### ASSIGNMENT:
Your task is to copy the lines from the line containing "Enlarged view: Quadcopter" through the end of the listing below, both included, without any pictures.

### DATA BLOCK:
_ _ _ _ _ _ _

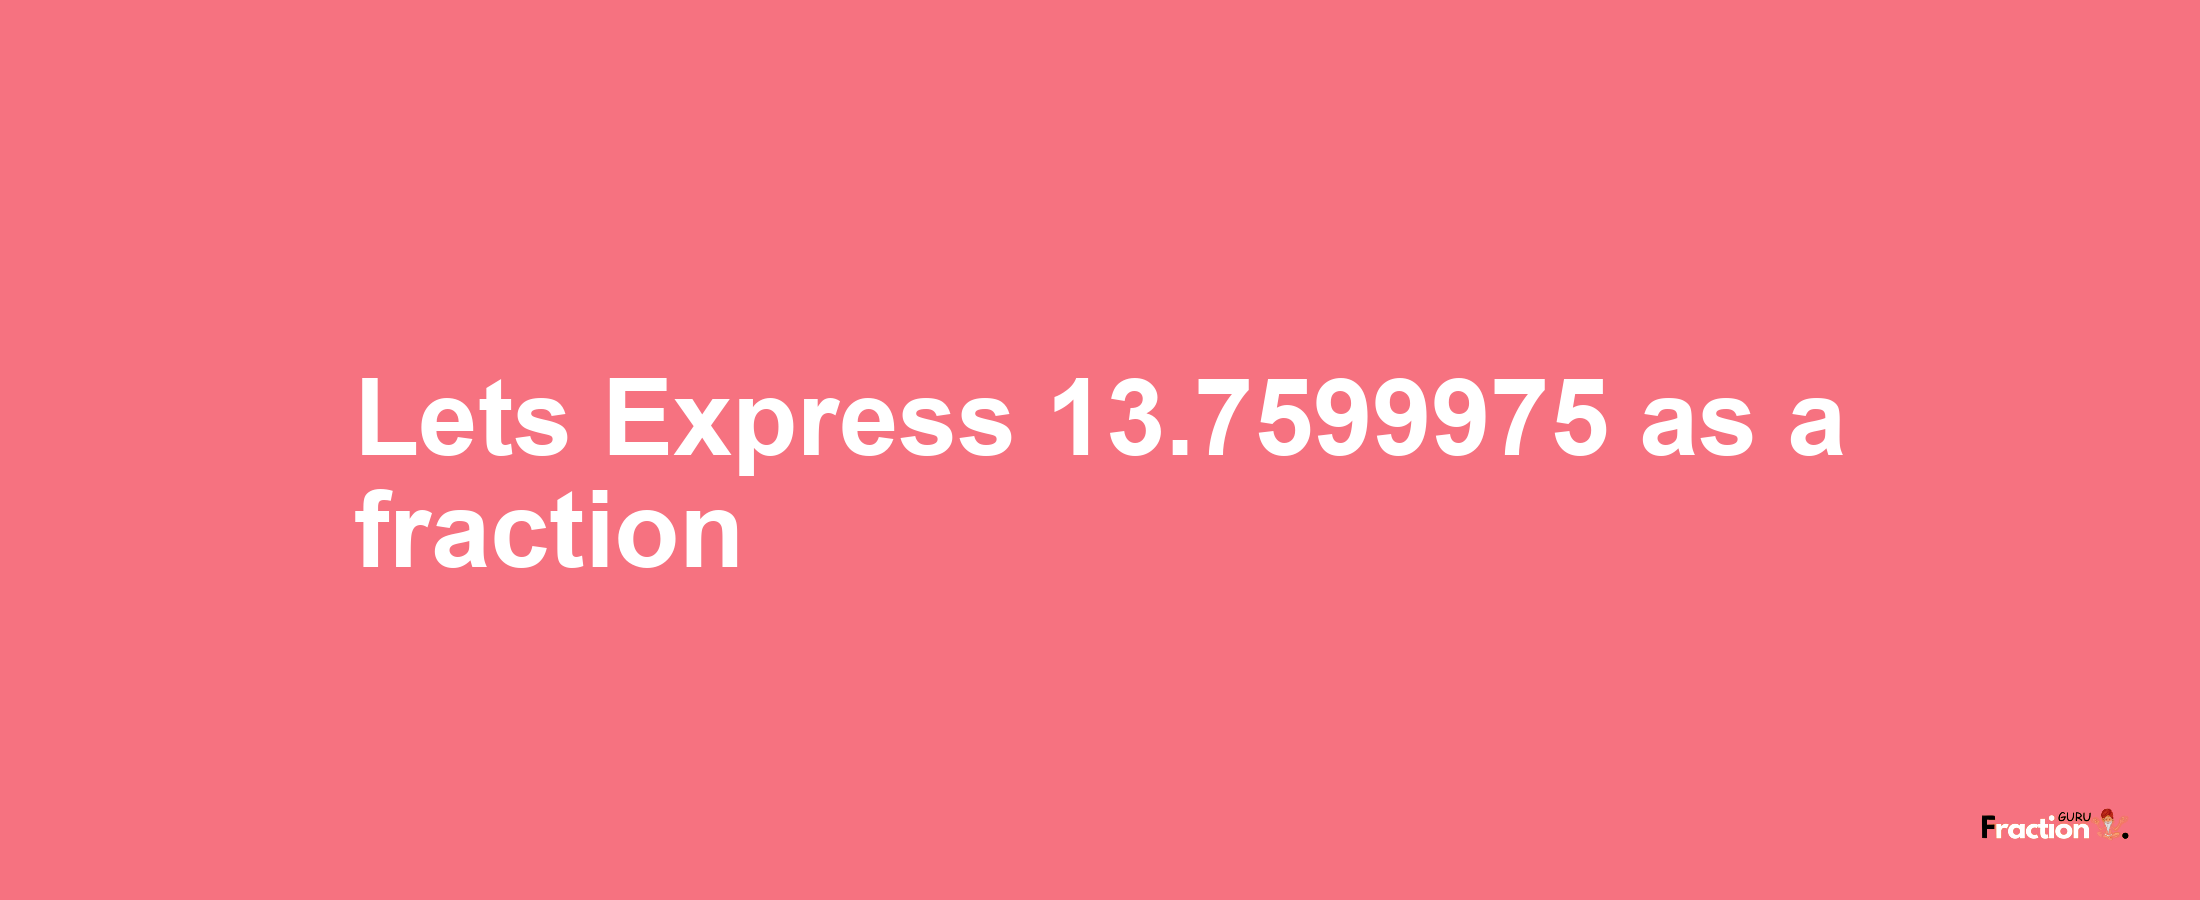 Lets Express 13.7599975 as afraction
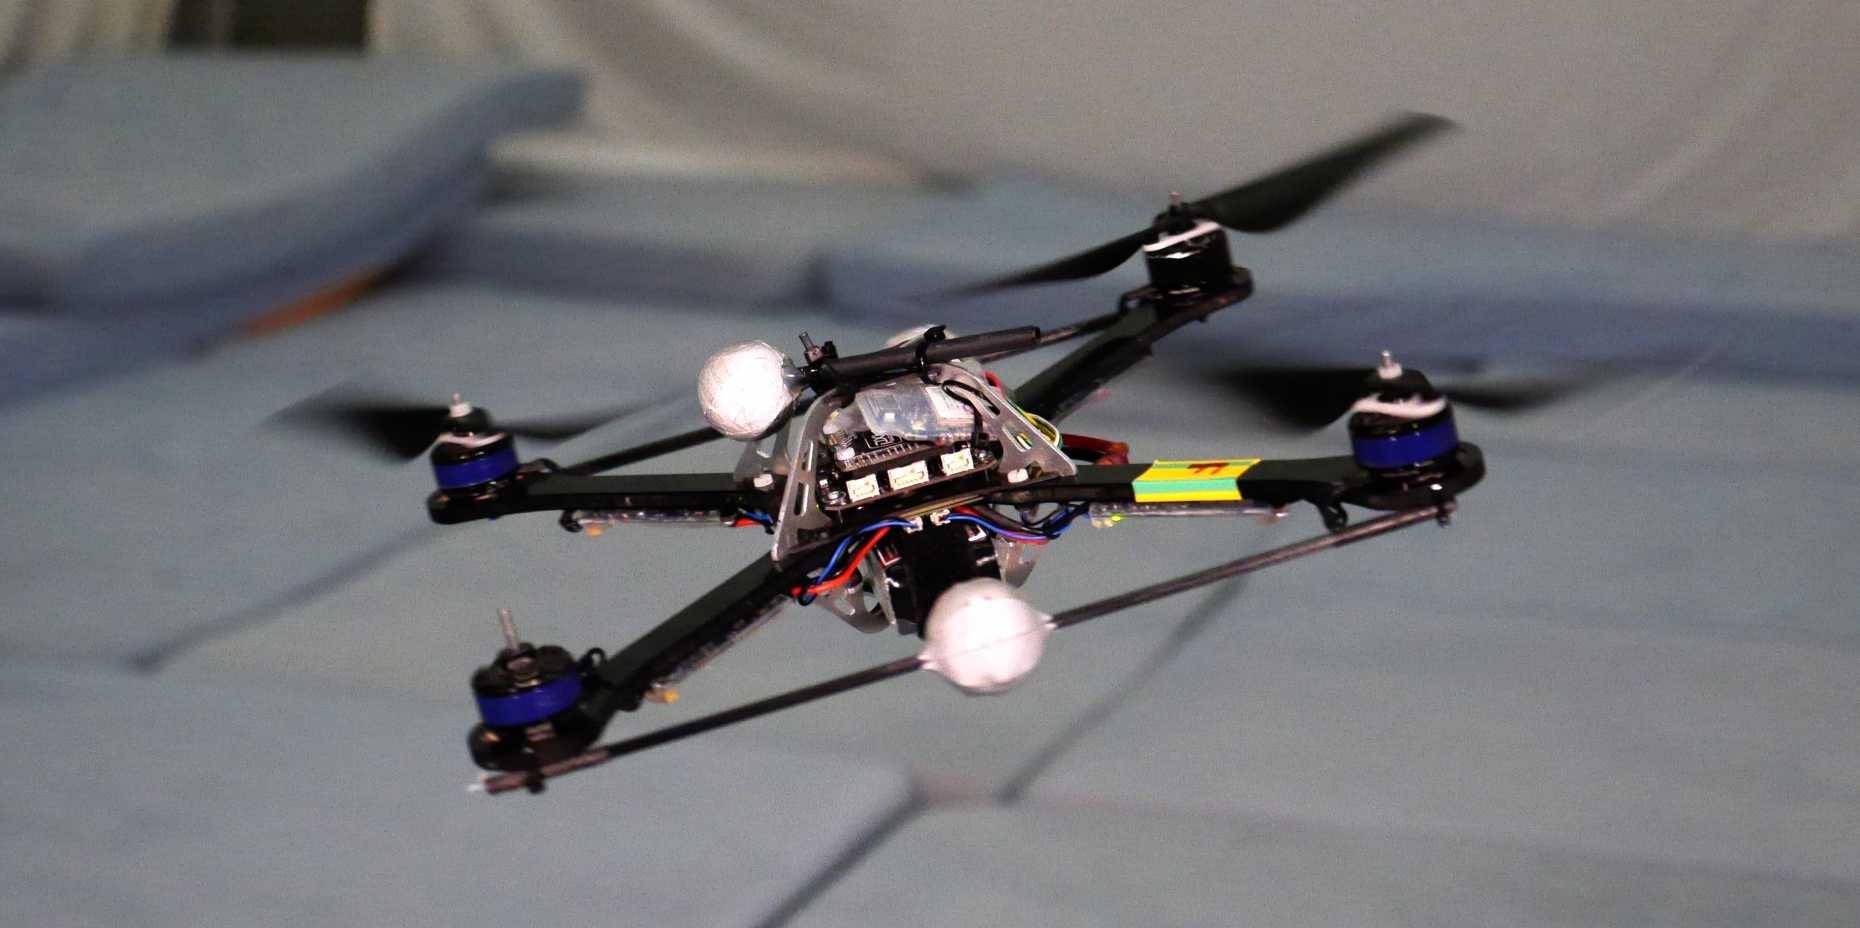 Enlarged view: Quadcopter flying with only three propellers
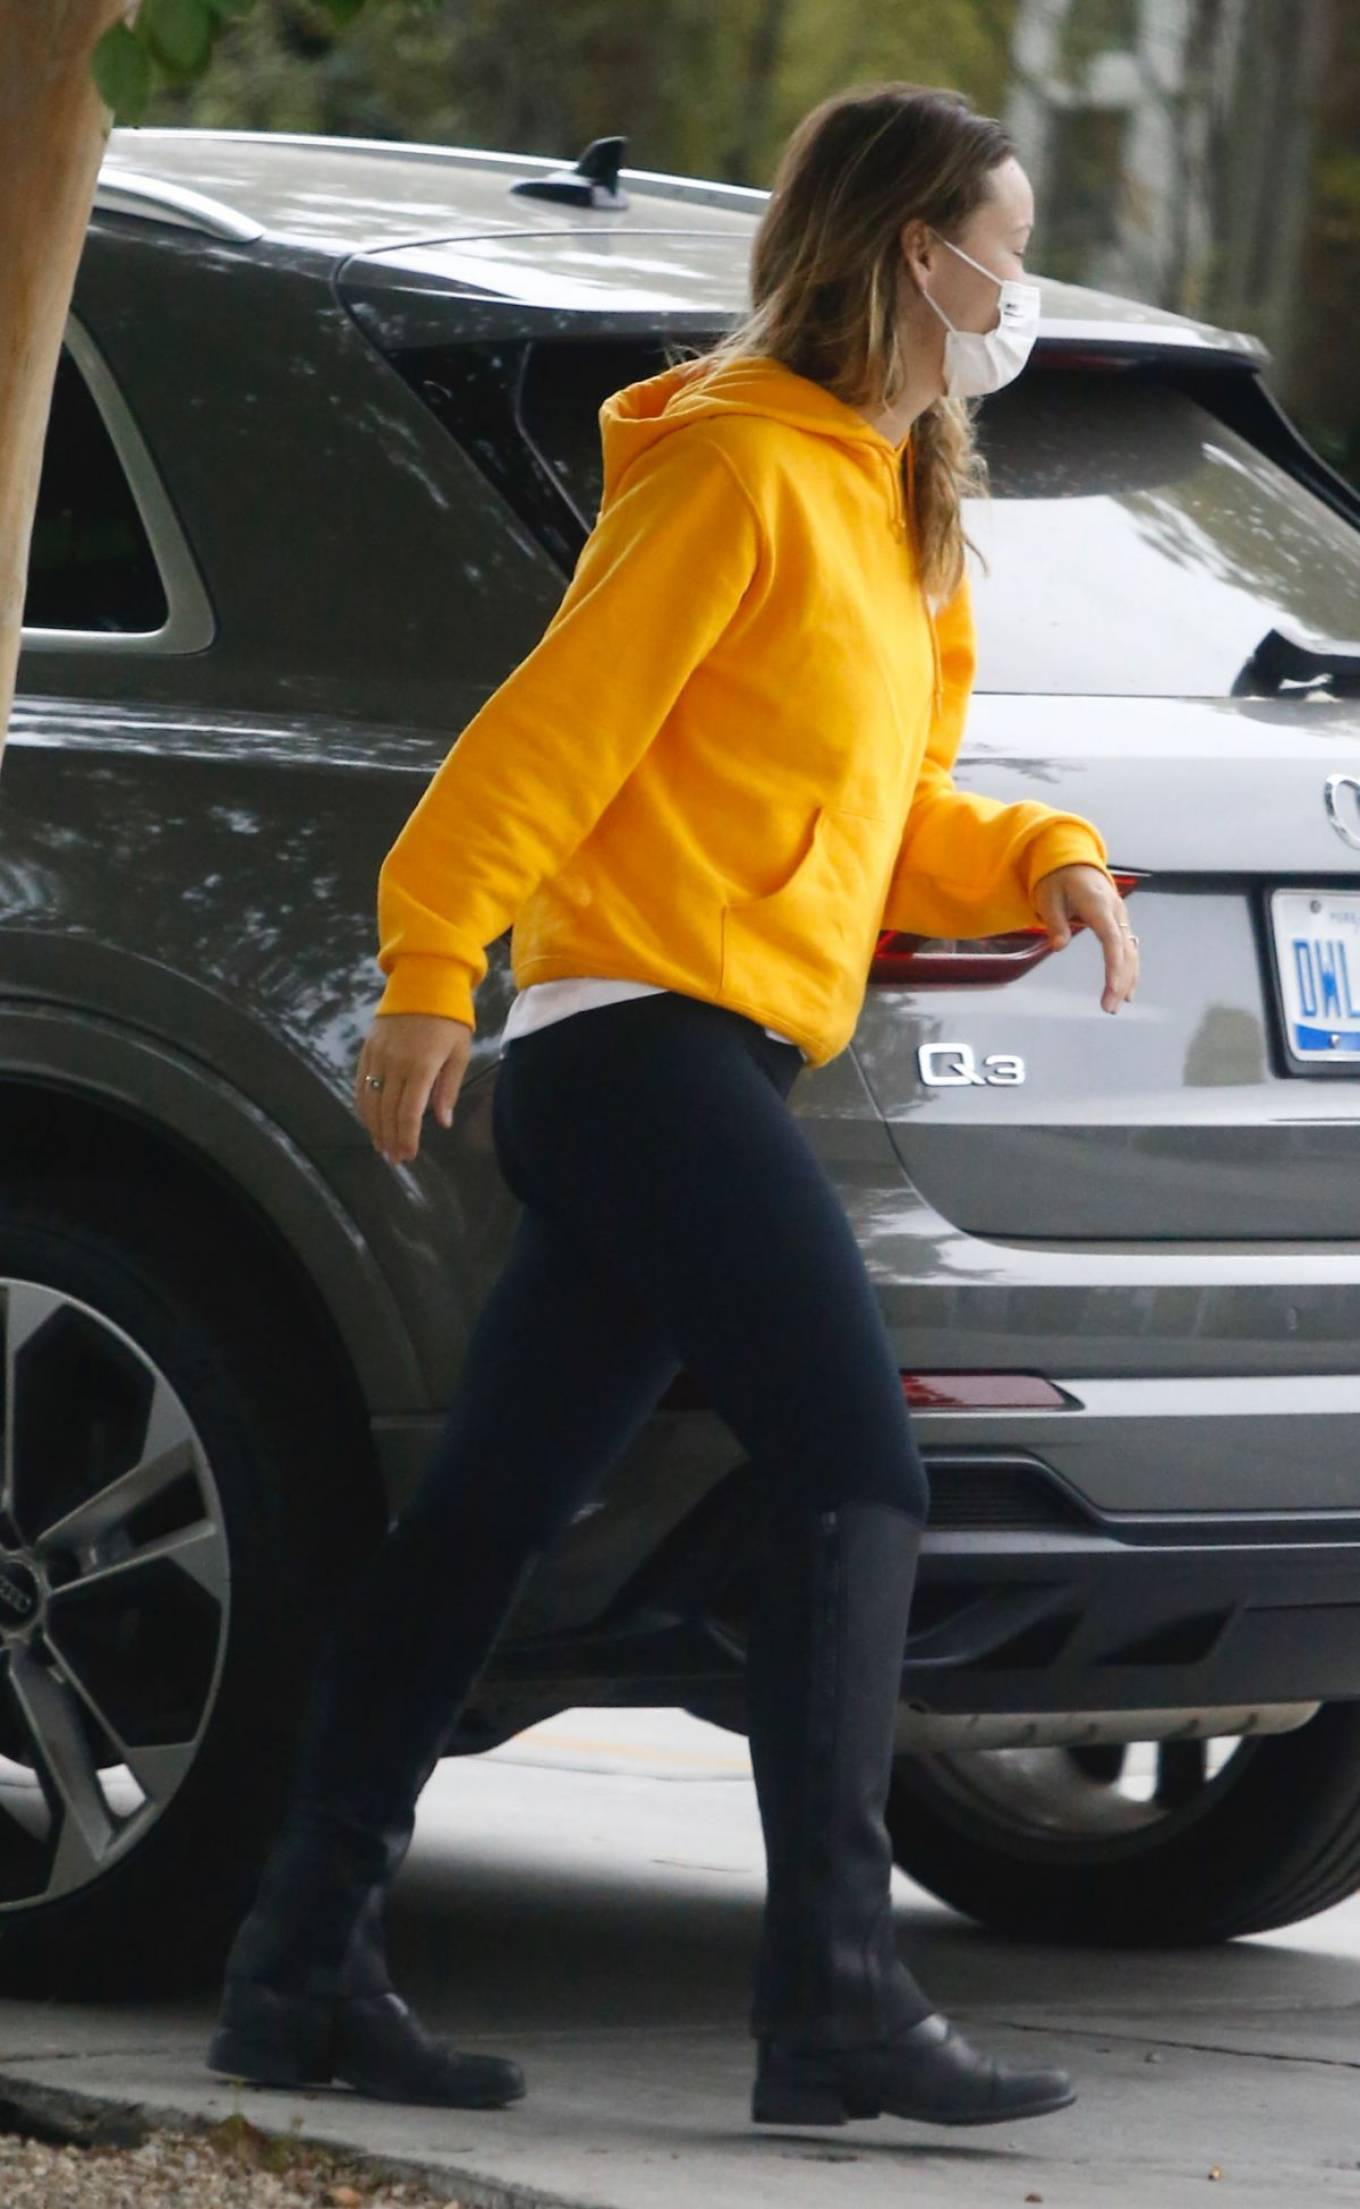 Olivia Wilde 2020 : Olivia Wilde – In yellow out and about in LA-04

_ _ _ _ _ _ _

### TASK OUTPUT:
 Enlarged view: Quadcopter flying with only three propellers
 Olivia Wilde 2020 : Olivia Wilde – In yellow out and about in LA-04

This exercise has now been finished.